──────── Recorded data ────────
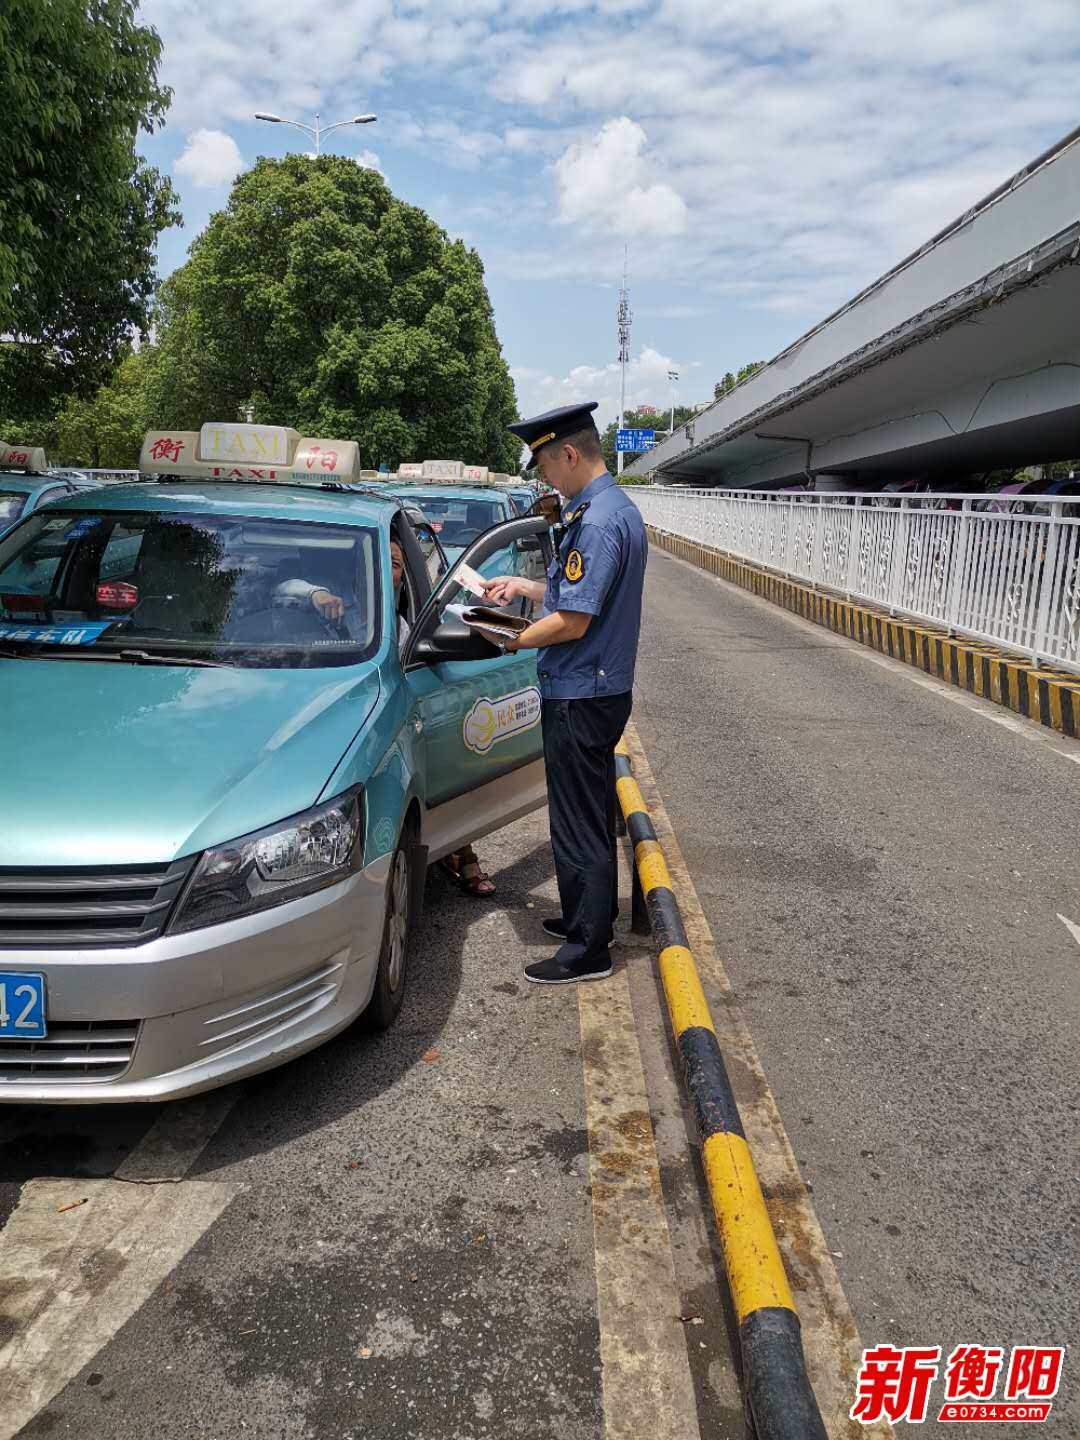 衡阳市交通执法部门对出租车不出具发票的
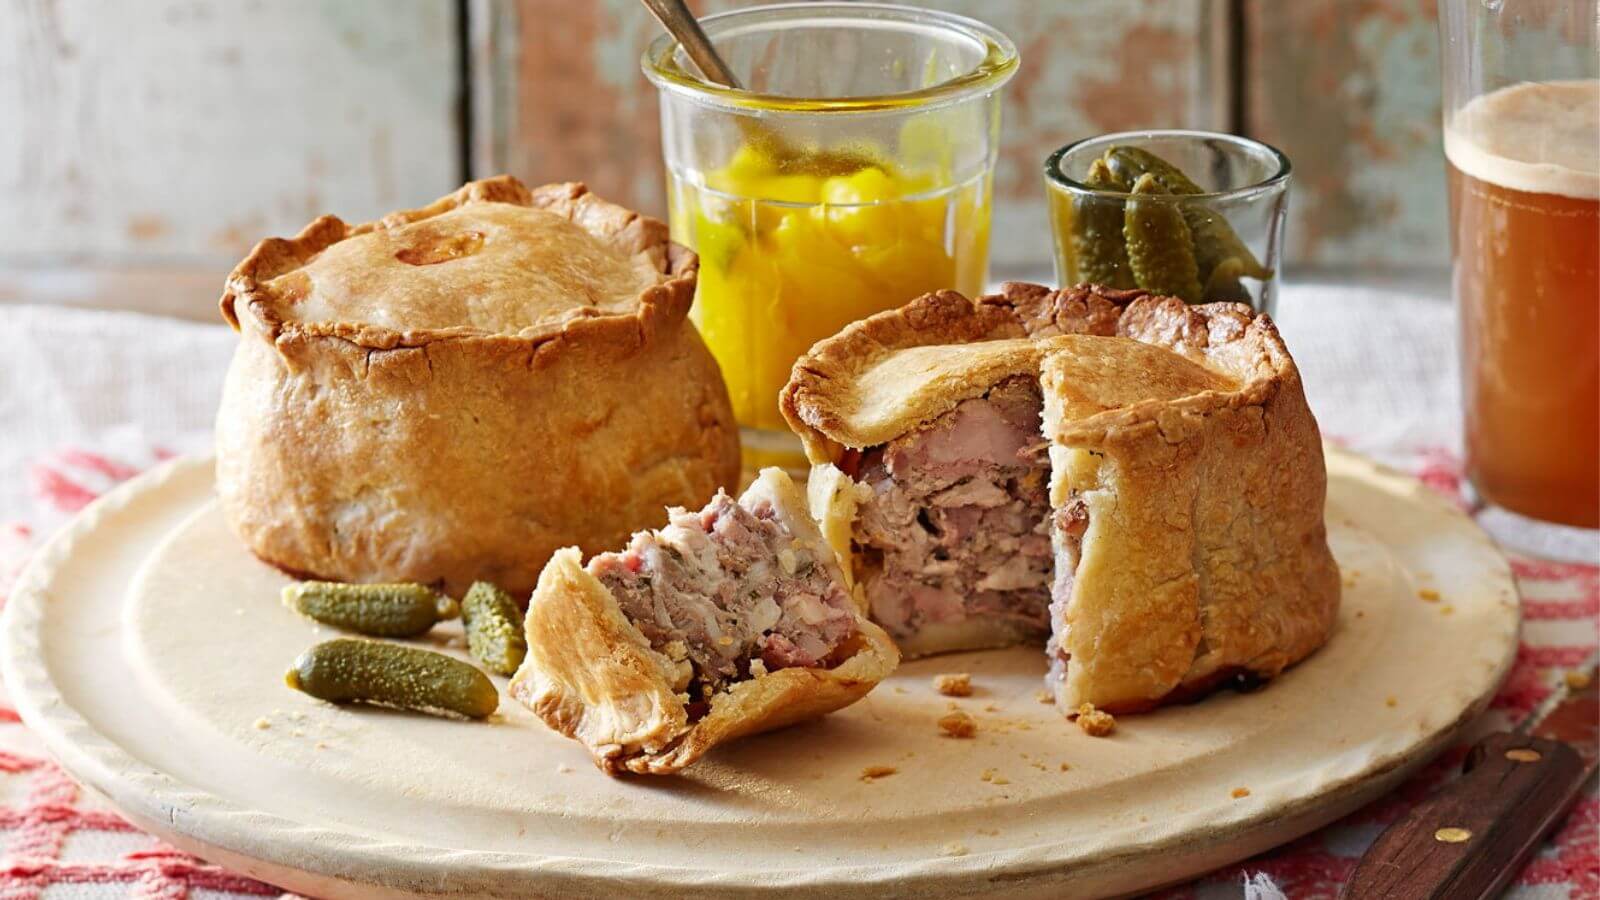 Pork pie - Món ngon truyền thống ở Anh
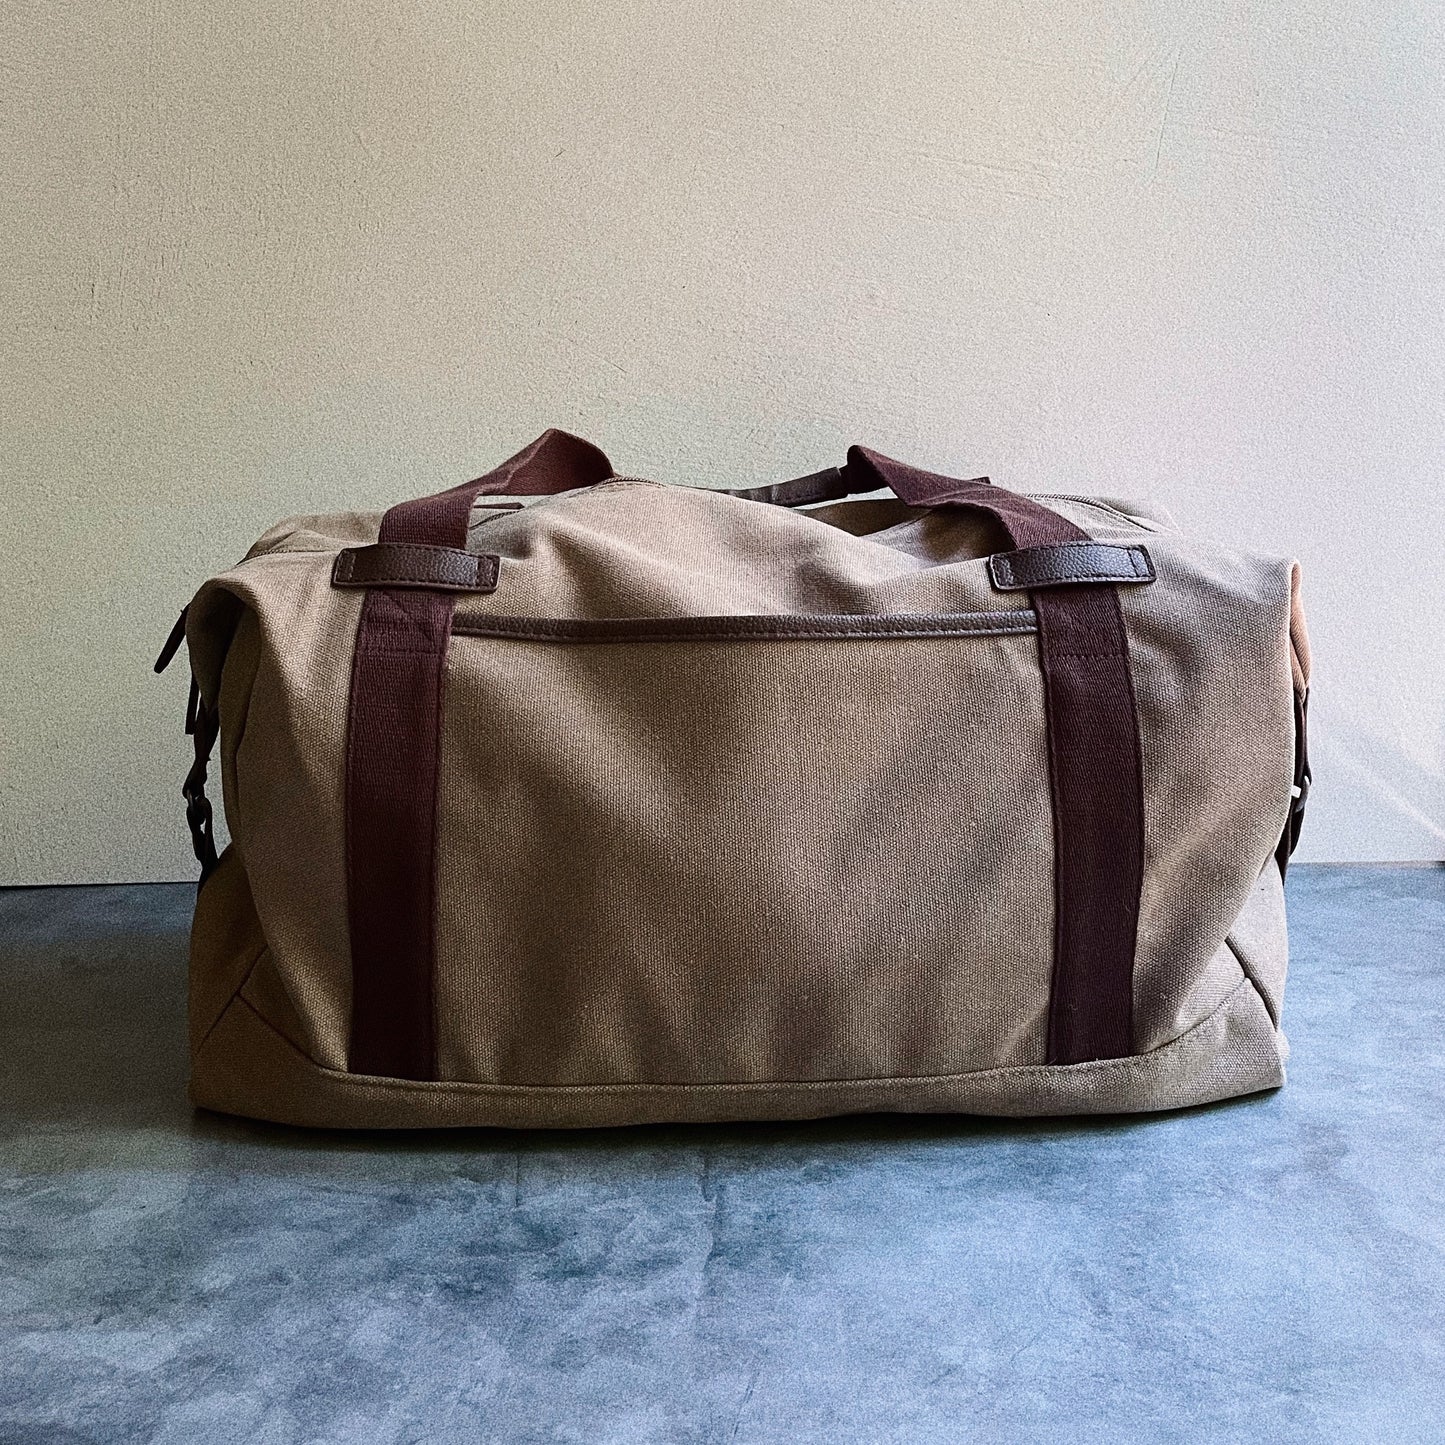 The Déjà Vu Duffle Bag (May 6th Pre-Order)
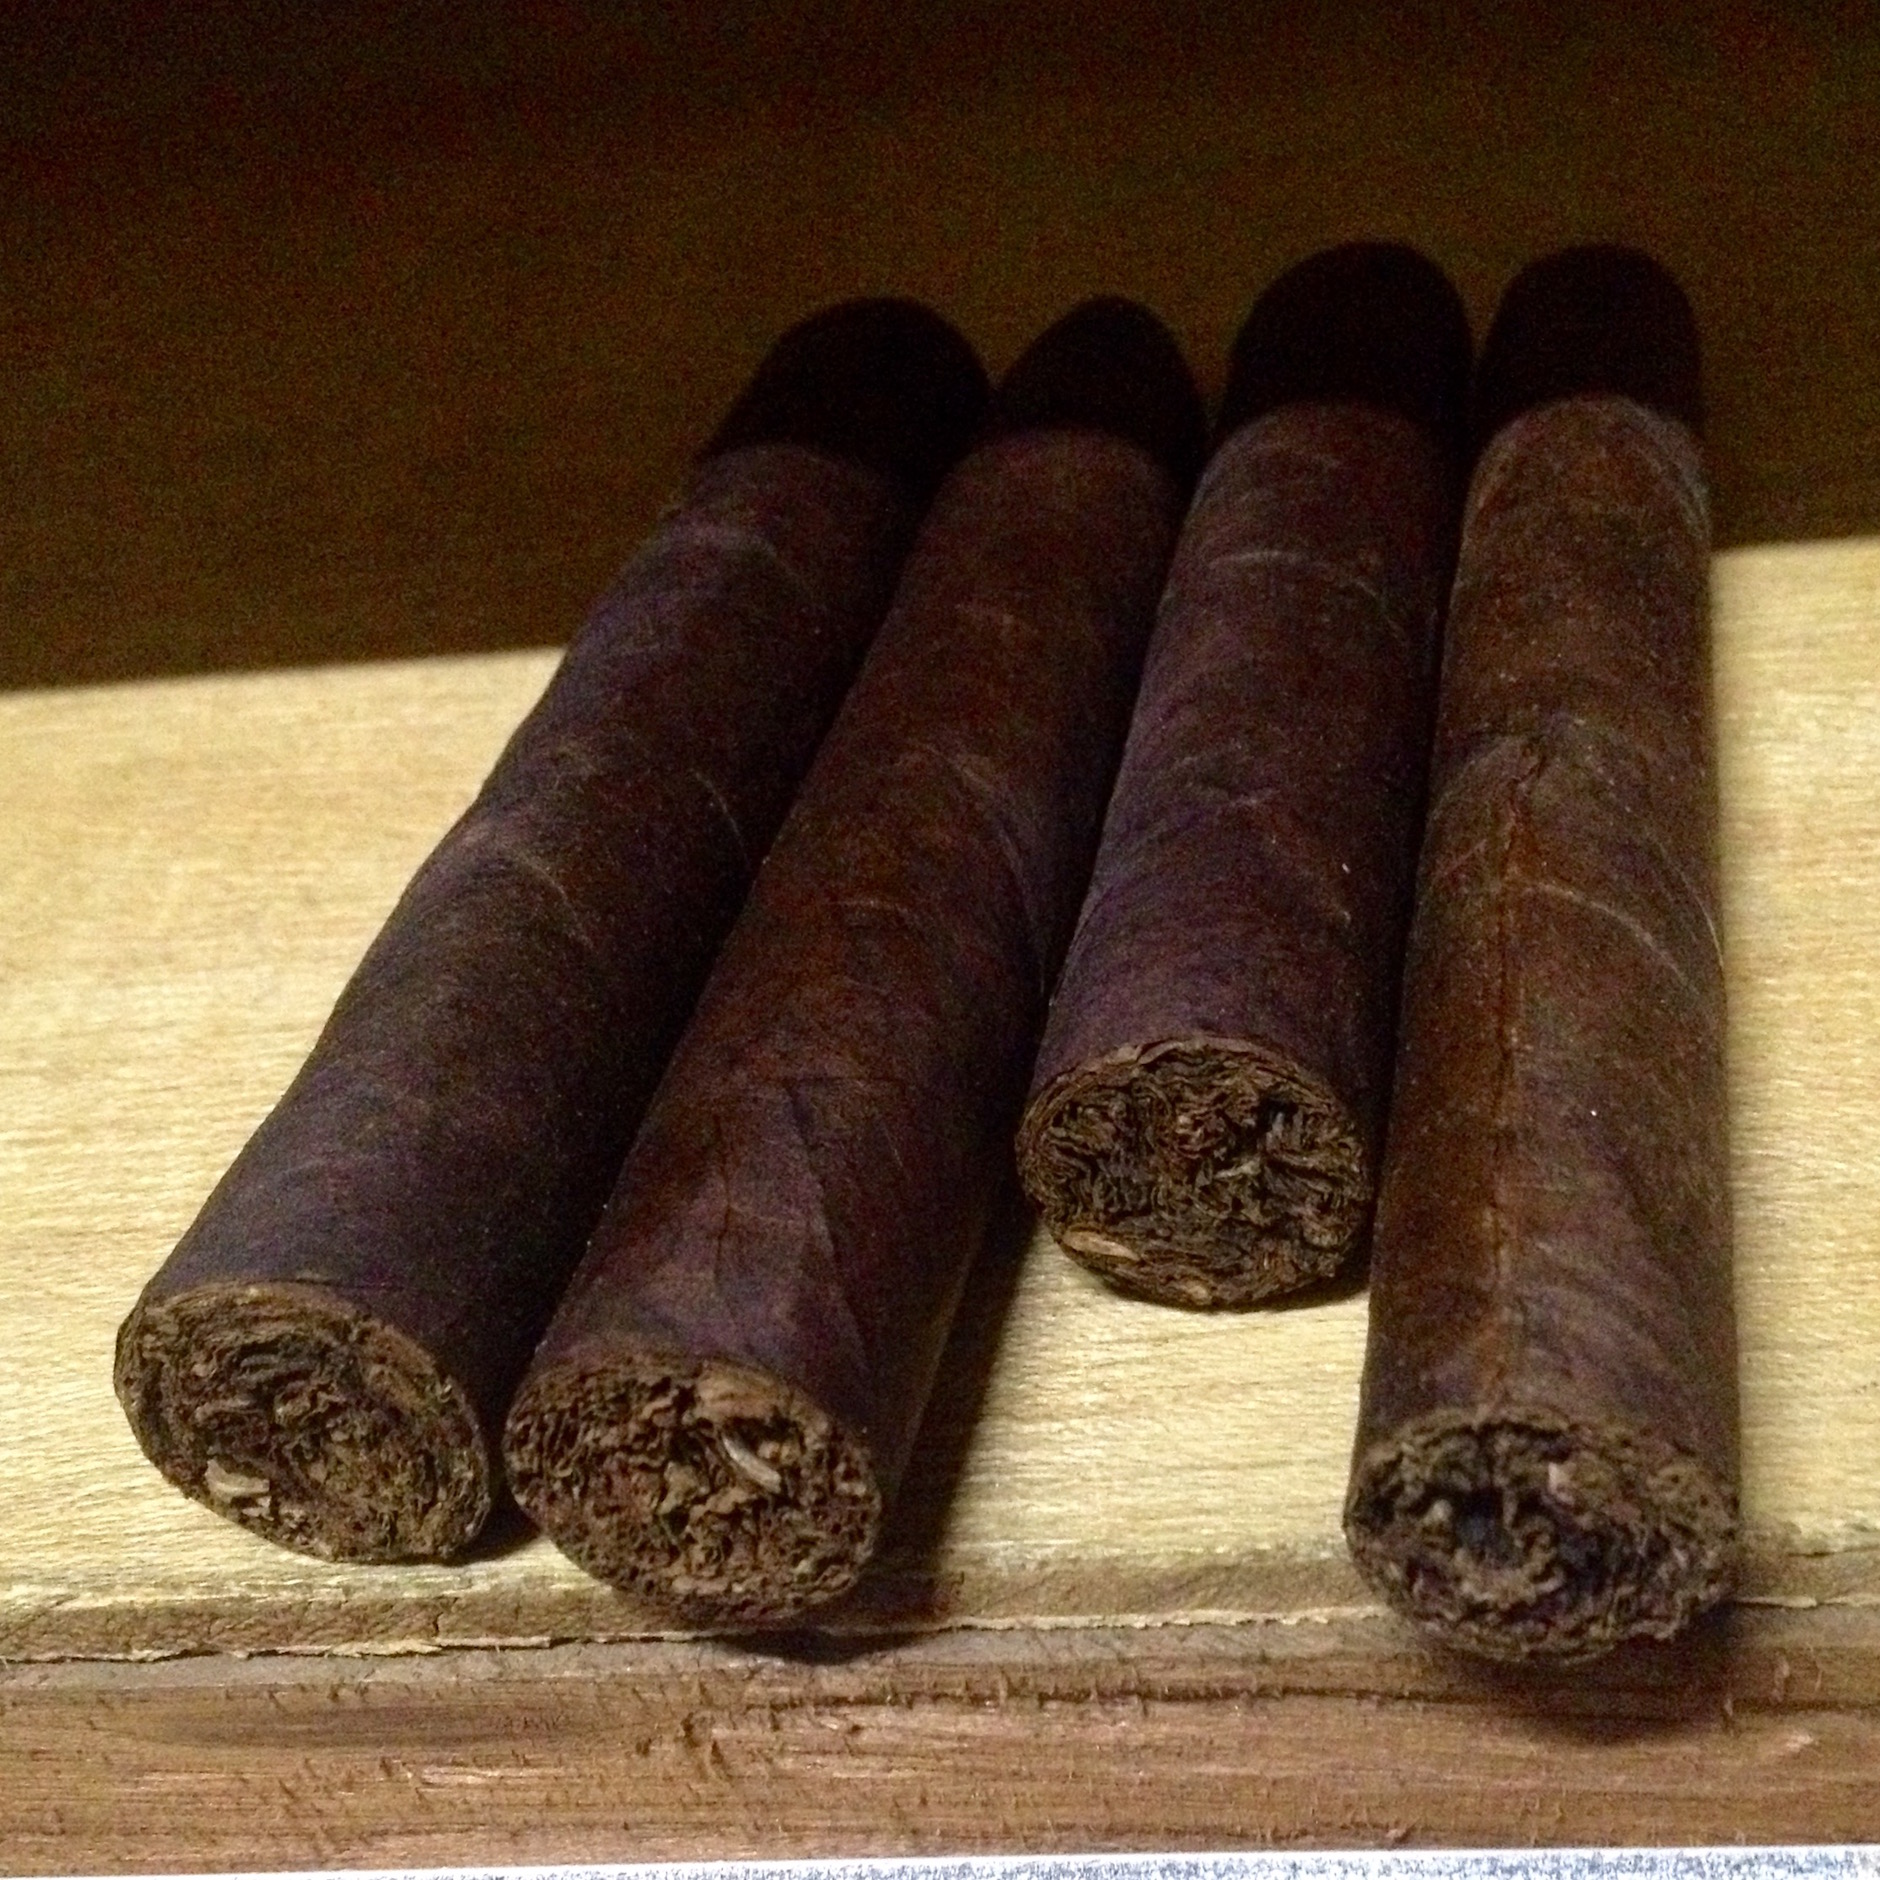 Las Calaveras 2016 Cigars
────────
Without including any picture, set down every line above exactly as it stands.

 衡阳市交通执法部门对出租车不出具发票的
 Pork pie - Món ngon truyền thống ở Anh
 The Déjà Vu Duffle Bag (May 6th Pre-Order)
 Las Calaveras 2016 Cigars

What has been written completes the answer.